I tried to reimplement something like partial (which later will have more behavior). Now in the following example lazycall1 seems to work just as fine as lazycall2, so I don't understand why the documentation of partial suggests using the longer second version. Any suggestions? Can it get me in trouble?

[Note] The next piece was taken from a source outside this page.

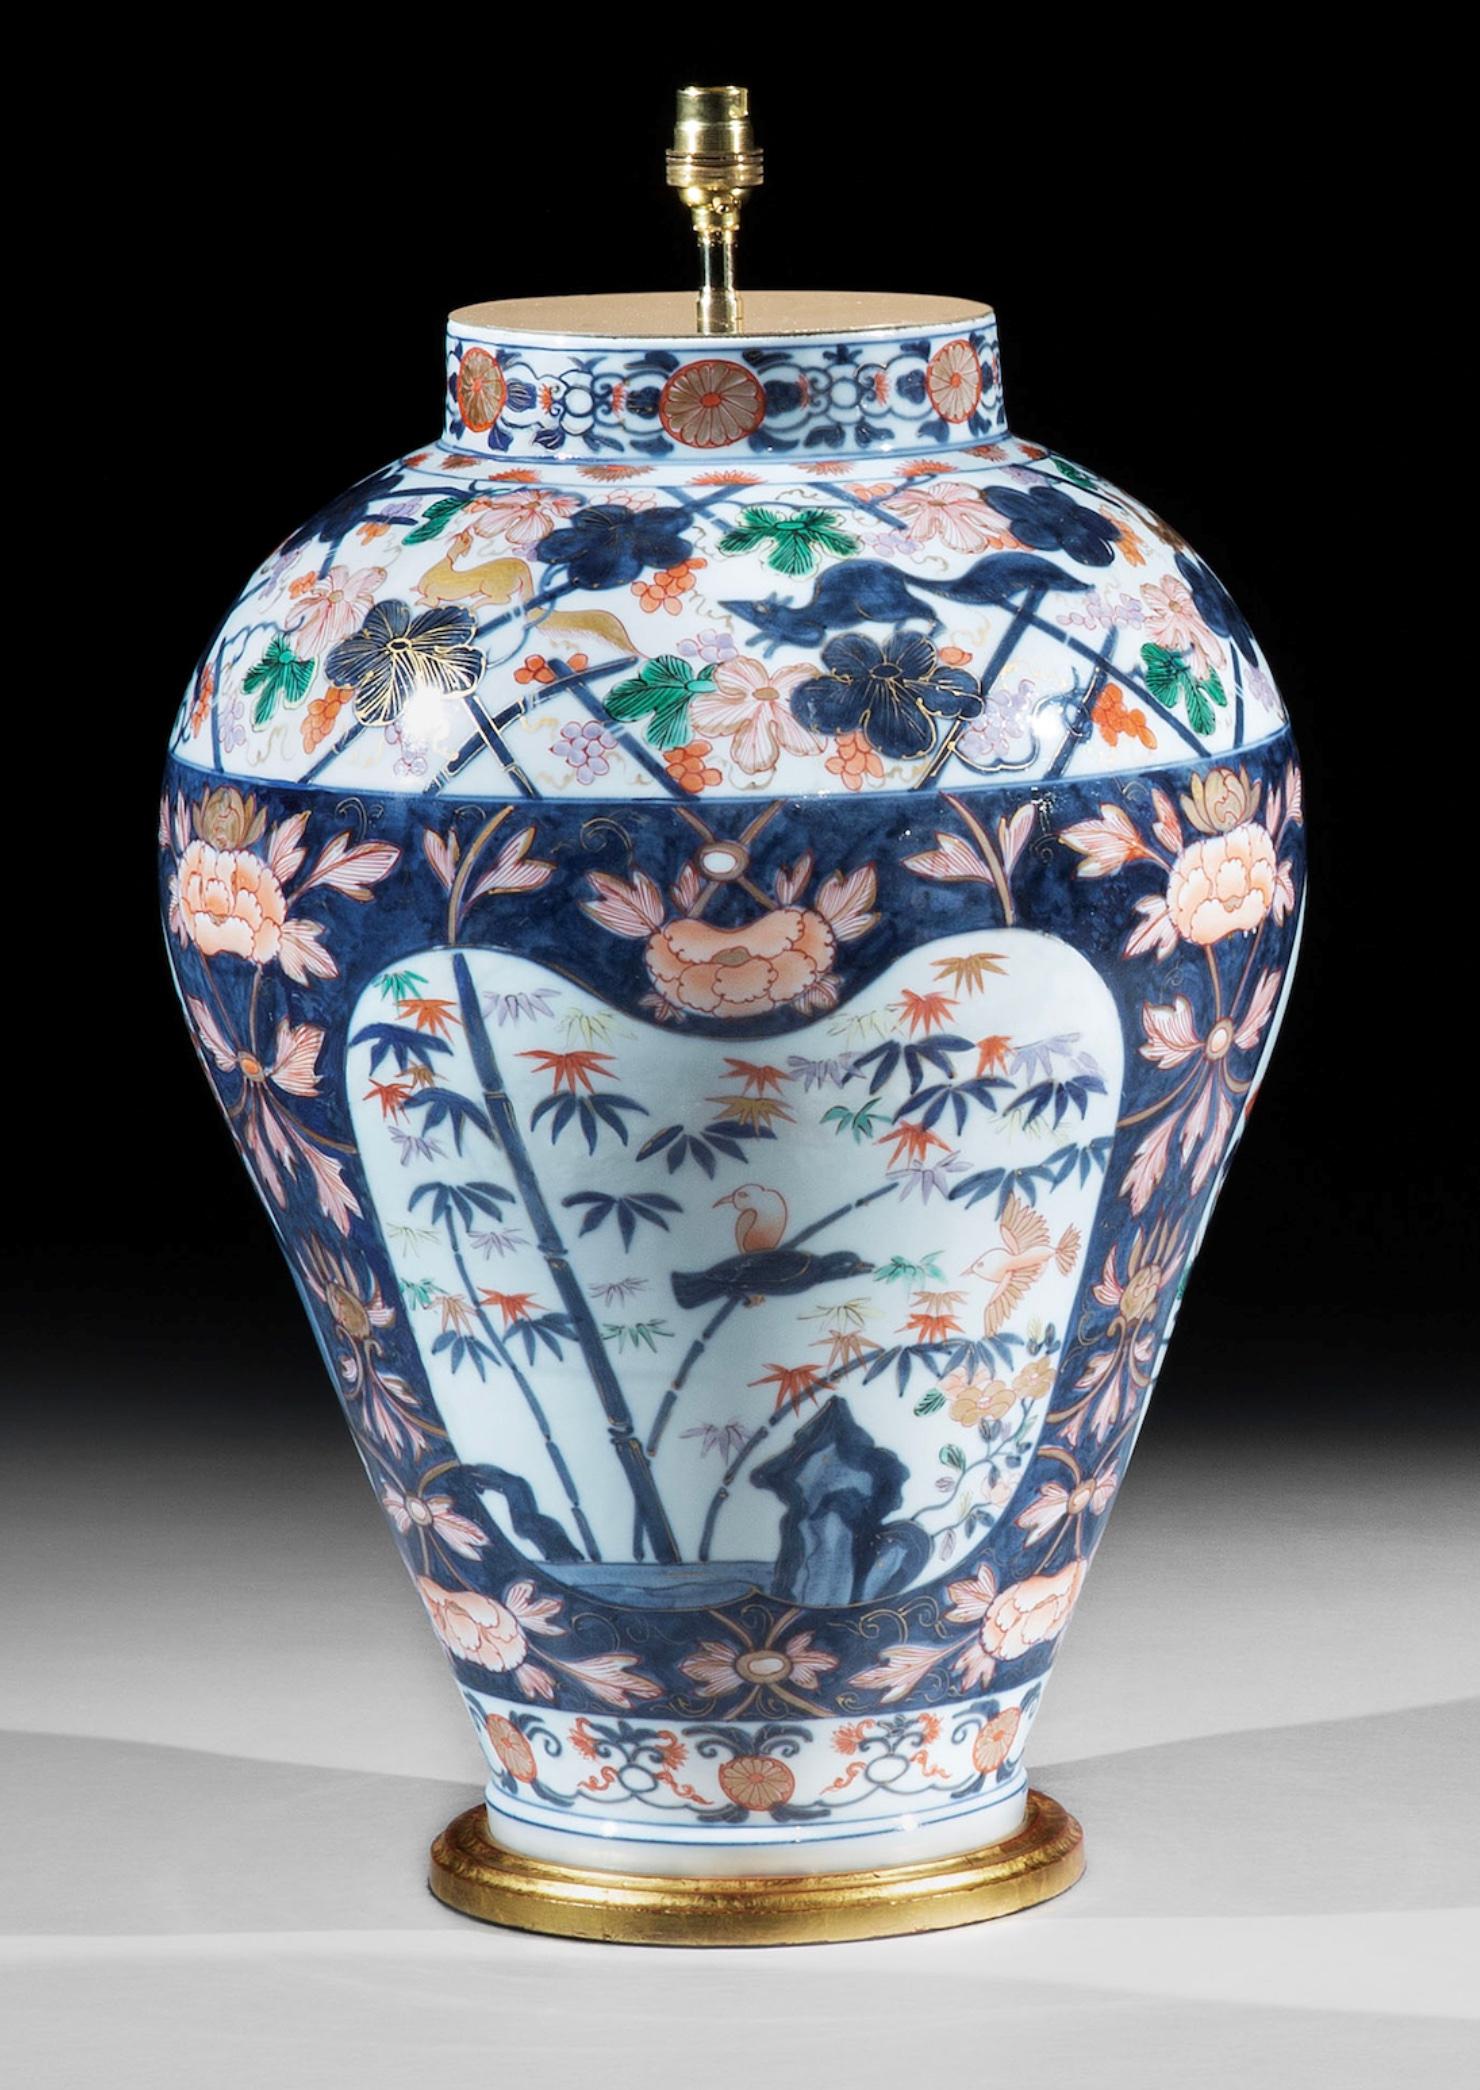 A superb pair of large 19th century Continental porcelain vases and covers, probably Samson. Each vase beautifully decorated in the Imari palette, with pavilions on rocky shorelines, reserved against a blue ground painted with stylised flowers and

def lazycall1(func, *args, **kwargs):
def f():
func(*args, **kwargs)
return f
def lazycall2(func, *args, **kwargs):
def f():
func(*args, **kwargs)
f.func=func # why do I need that?
f.args=args
f.kwargs=kwargs
return f
def A(x):
print("A", x)
def B(x):
print("B", x)
a1=lazycall1(A, 1)
b1=lazycall1(B, 2)
a1()
b1()
a2=lazycall2(A, 3)
b2=lazycall2(B, 4)
a2()
b2()
EDIT: Actually the answers given so far aren't quite right. Even with double arguments it would work. Is there another reason?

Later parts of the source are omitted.